• [EXERCISE INSTRUCTIONS]:
Among the entries below, only the lines starting at the one with "Brooks Brothers Womens" and ending at the one with "and check pls", both included, are to be printed exactly.

• [TASK INPUT]:
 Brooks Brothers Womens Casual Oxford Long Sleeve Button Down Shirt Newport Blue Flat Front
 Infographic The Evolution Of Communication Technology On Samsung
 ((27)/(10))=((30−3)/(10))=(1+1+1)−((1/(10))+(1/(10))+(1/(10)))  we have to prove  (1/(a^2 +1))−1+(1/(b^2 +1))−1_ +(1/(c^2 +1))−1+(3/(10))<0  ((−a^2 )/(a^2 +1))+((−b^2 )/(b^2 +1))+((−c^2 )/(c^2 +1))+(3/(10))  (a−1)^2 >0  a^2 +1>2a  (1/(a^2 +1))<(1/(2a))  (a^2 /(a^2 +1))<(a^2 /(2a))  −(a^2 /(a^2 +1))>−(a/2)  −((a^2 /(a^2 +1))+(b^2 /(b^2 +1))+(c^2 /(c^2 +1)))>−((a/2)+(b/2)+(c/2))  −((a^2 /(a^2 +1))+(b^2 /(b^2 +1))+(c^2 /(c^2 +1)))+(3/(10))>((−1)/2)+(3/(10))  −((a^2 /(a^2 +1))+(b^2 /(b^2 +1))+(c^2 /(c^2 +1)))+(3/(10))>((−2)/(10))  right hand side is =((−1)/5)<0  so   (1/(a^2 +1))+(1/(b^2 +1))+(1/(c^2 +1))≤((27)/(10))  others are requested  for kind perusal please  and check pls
==
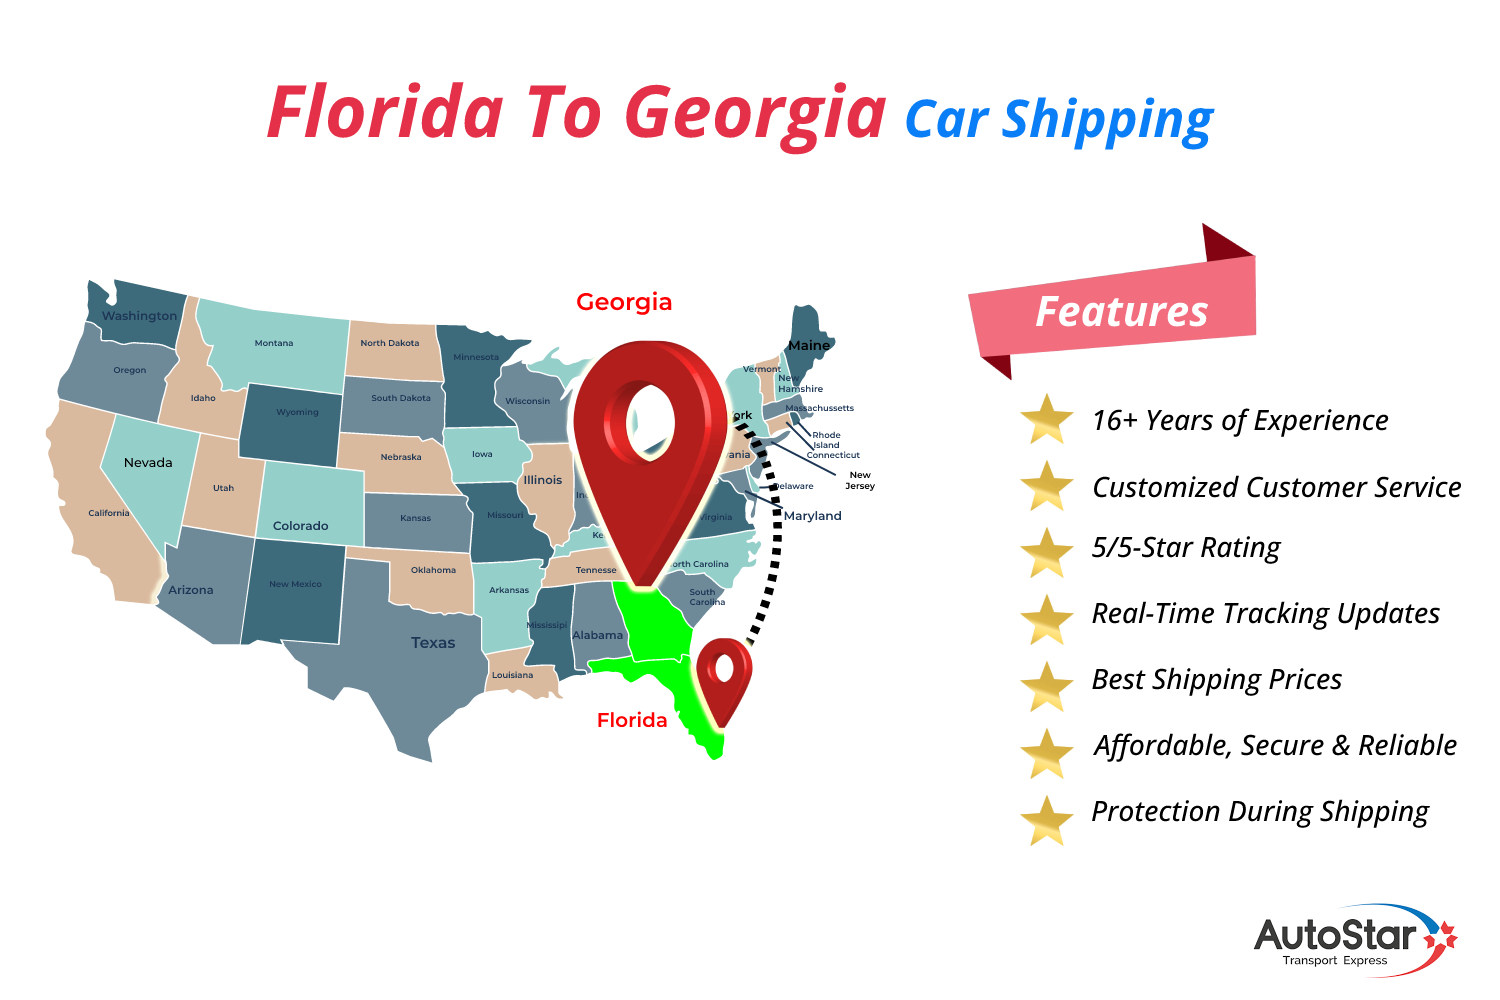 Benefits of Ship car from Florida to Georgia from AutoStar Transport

• [REPLY]:
 Brooks Brothers Womens Casual Oxford Long Sleeve Button Down Shirt Newport Blue Flat Front
 Infographic The Evolution Of Communication Technology On Samsung
 ((27)/(10))=((30−3)/(10))=(1+1+1)−((1/(10))+(1/(10))+(1/(10)))  we have to prove  (1/(a^2 +1))−1+(1/(b^2 +1))−1_ +(1/(c^2 +1))−1+(3/(10))<0  ((−a^2 )/(a^2 +1))+((−b^2 )/(b^2 +1))+((−c^2 )/(c^2 +1))+(3/(10))  (a−1)^2 >0  a^2 +1>2a  (1/(a^2 +1))<(1/(2a))  (a^2 /(a^2 +1))<(a^2 /(2a))  −(a^2 /(a^2 +1))>−(a/2)  −((a^2 /(a^2 +1))+(b^2 /(b^2 +1))+(c^2 /(c^2 +1)))>−((a/2)+(b/2)+(c/2))  −((a^2 /(a^2 +1))+(b^2 /(b^2 +1))+(c^2 /(c^2 +1)))+(3/(10))>((−1)/2)+(3/(10))  −((a^2 /(a^2 +1))+(b^2 /(b^2 +1))+(c^2 /(c^2 +1)))+(3/(10))>((−2)/(10))  right hand side is =((−1)/5)<0  so   (1/(a^2 +1))+(1/(b^2 +1))+(1/(c^2 +1))≤((27)/(10))  others are requested  for kind perusal please  and check pls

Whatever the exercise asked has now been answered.